Нельзя не заметить и то, что Павлов довольно скептически относится к индивидуальному в литературе: неизбежные издержки сознания писателя, сориентированного на пафос общественного служения. Традиция у Павлова выступает свидетельницей того, что у русской литературы «коллективное, как бы общинное творческое начало» (вариант вопроса о курице и яйце: Достоевский ли славен русским народом или народ — Достоевским?). Любопытно в этом смысле, что Павлов, приводя примеры художественных произведений, указывает только названия, имена авторов вынося за пределы текста или по крайней мере в его конец: словно не личность автора стала причиной появления текста, а мистическая сила безлично приумножаемой традиции «русской прозы»!
Размышления в русле самоотверженных, идеалистических, жертвенных исканий образца девятнадцатого века неизбежно приводят Павлова к характерным заблуждениям образованных людей того времени.
К троице Истины — Добра — Красоты, общепризнанно восседающей на троне русской словесности и мысли, на деле прилагаются еще скипетр и держава: Страдание и Вина.

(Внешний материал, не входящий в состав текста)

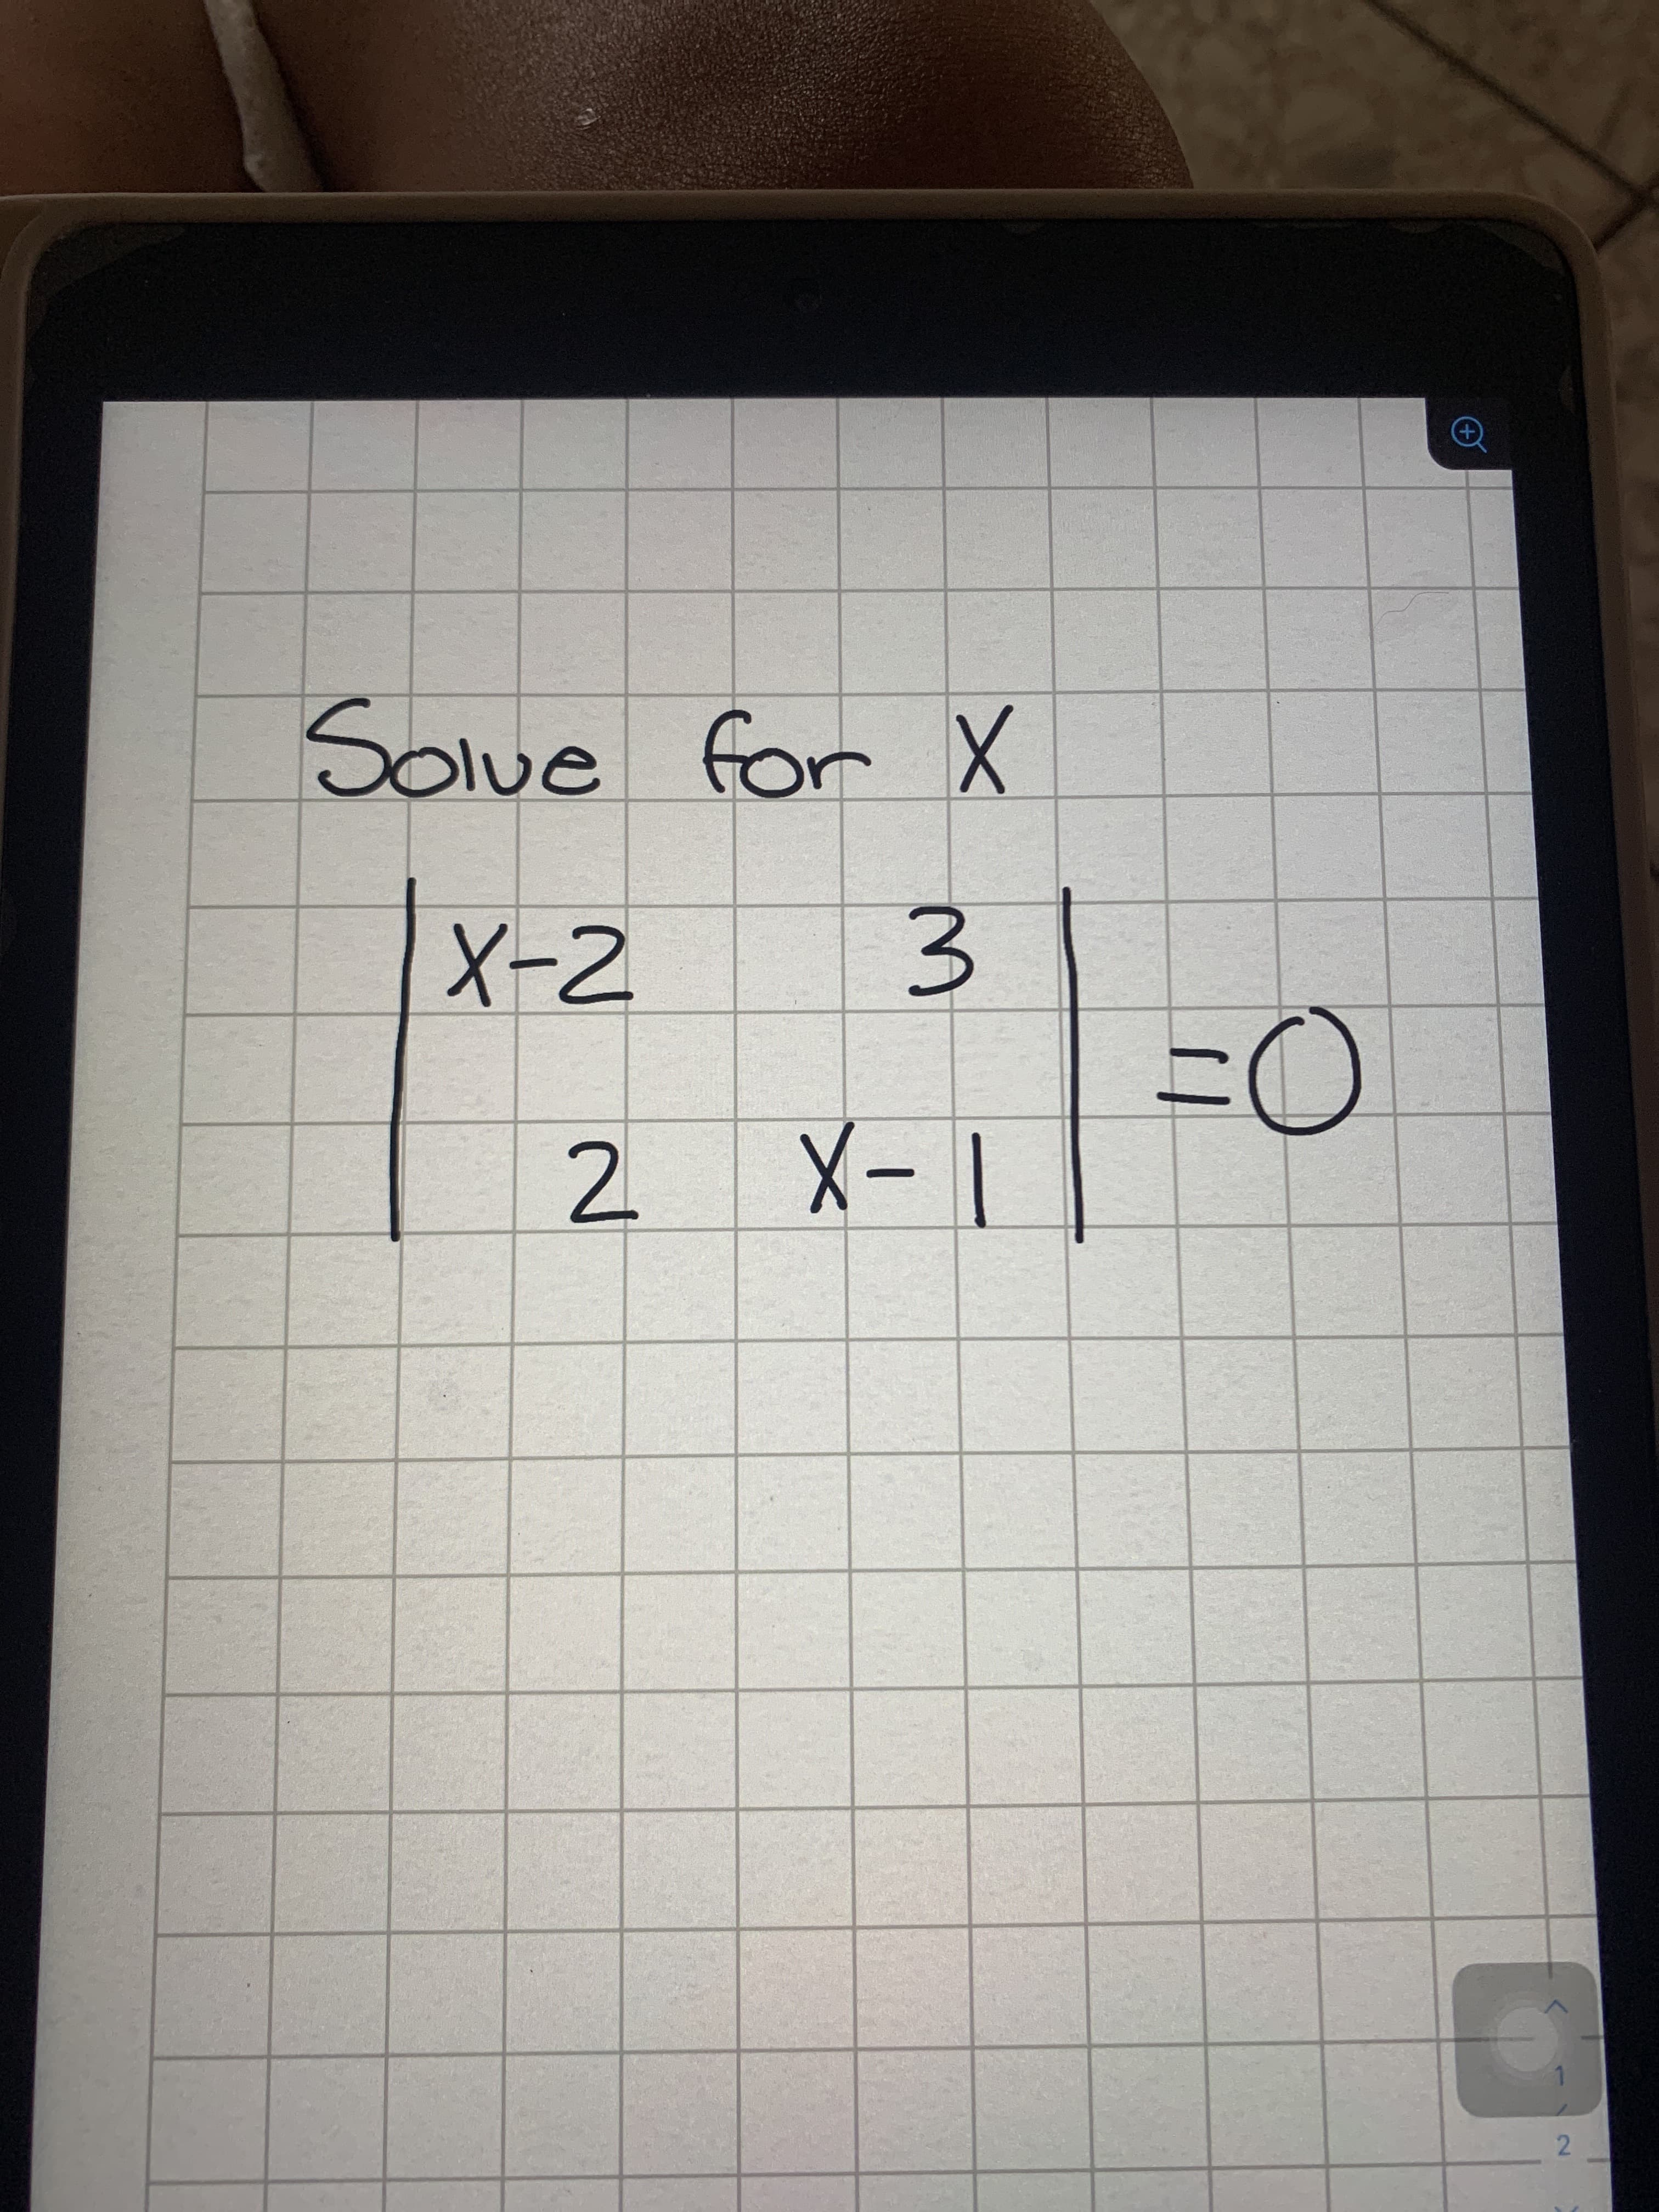 Solve for X
Olue
X-2
2.
X-
3.

Олег Павлов, воспроизводя национальный духовный идеал, нечаянно сбивает нас с толку, упирая в своих статьях на Истину, Добро и Страдание. В действительности эти сущности — только поверхностный план его позиции в литературе. Глубинные основания высказываний Павлова связаны со служением Вине, что, может быть, не сознательно приводит его к отрицанию ипостаси Красоты.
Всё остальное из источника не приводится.